In 2014, the podcast “Serial” debuted, introducing the medium to mainstream listeners. (As of September 2018, “Serial” had more than 340 million downloads across its first two seasons.)

That same year, Acast, a podcasting company based in Sweden, announced “dynamic ad insertion.” Previously, ads were “baked in” to a recording, but now podcasters could mark their files with ad breaks, enabling a hosting company to switch in a different ad based on the time or location the podcast was downloaded. It also paved the way for ads to be sold programmatically, based on a bidding system that automatically matches buyers and sellers without the need for salespeople. Much of the advertising on the web, including Google Ads, is bought and sold this way. Programmatic buying requires consumer data in order for advertisers to rapidly experiment with different ways to target users and optimize ads for the best results.

“That’s probably when I certainly saw things start to change,” said [Andrew] Kuklewicz, the CTO of PRX. “Once you can actually dynamically inject ads, then that data that I’d be able to get from requests becomes actionable. And once that’s possible, then we start to look a lot like the rest of ad tech right now.”

Ashley Carman, of the Verge, in August:

The latest update to Overcast, a popular iOS podcast app, is bringing new transparency to podcast ads. Listeners who are in the beta can now view the services their favorite podcasts use to serve ads and track listeners. This means listeners will be able to tell when a podcast is using dynamic advertising, which allows networks to swap and target ads based on the specific person listening. For most people, this likely won’t change the shows they enjoy, but for the audience that cares or wants more information about how a podcast serves them ads, it’s a notable transparency feature that isn’t yet available in any of the other major podcasting apps.

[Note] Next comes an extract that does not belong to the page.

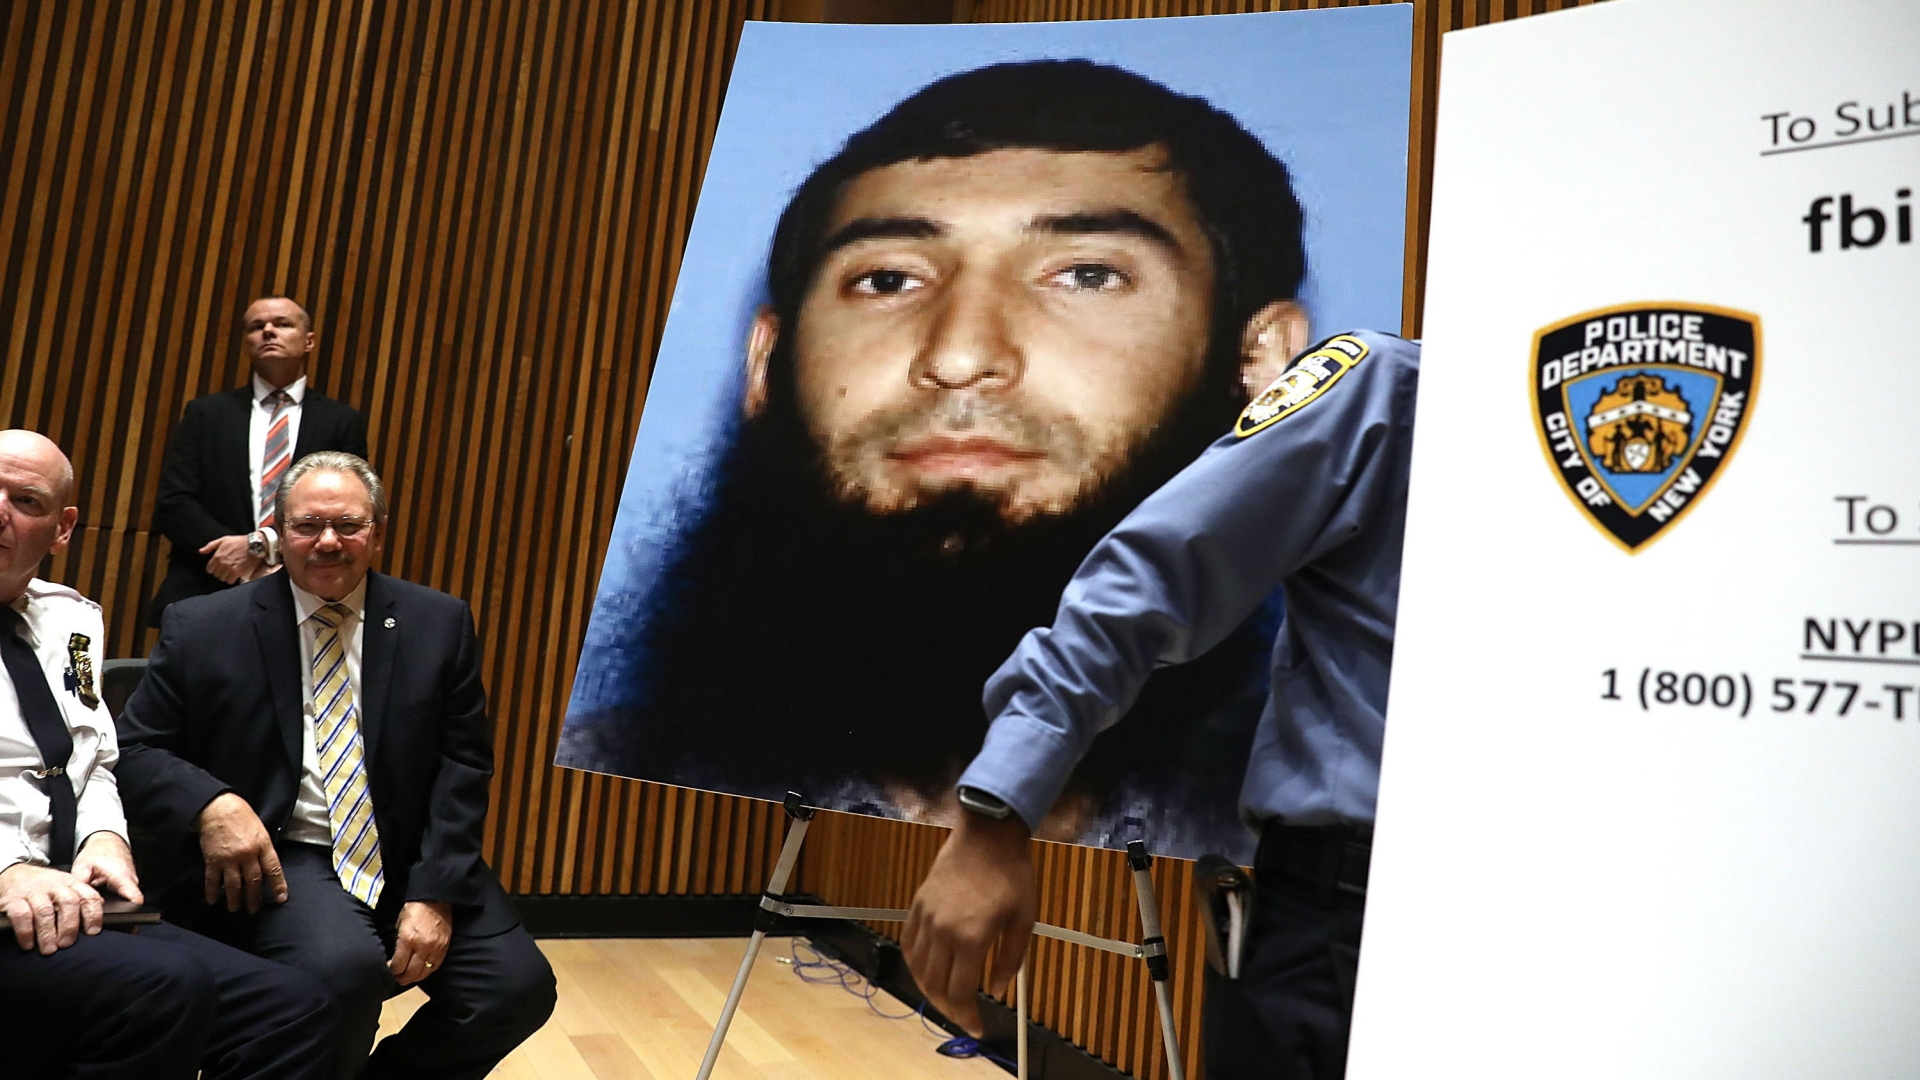 Pressekonferenz der New Yorker Polizei, bei der Sayfullo Saipov als mutmaßlicher Attentäter genannt wurde.

This version of Overcast was released in September, and it is not the only the app prioritizes user privacy. Marco Arment has been pointing out for years the dangers of big money coming to podcasts:

Big Money isn’t going to sell nicely designed, hand-crafted, RSS-backed podcast players for $2.99 or ask you to pay what you want to support them, because that doesn’t make Big Money.

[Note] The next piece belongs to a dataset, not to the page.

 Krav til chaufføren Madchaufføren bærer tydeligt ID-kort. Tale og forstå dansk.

They’re coming with shitty apps and fantastic business deals to dominate the market, lock down this open medium into proprietary “technology”, and build empires of middlemen to control distribution and take a cut of everyone’s revenue.

This is entirely right.

Given the dearth of regulation in ad tech-adjacent industries, podcasts — like websites — can be as respectful of privacy as creators want them to be. Educating users is a good step toward levelling the field, but more controls are needed at higher levels. It cannot be up to individual users to figure out how much privacy they are willing to sacrifice with the default being all.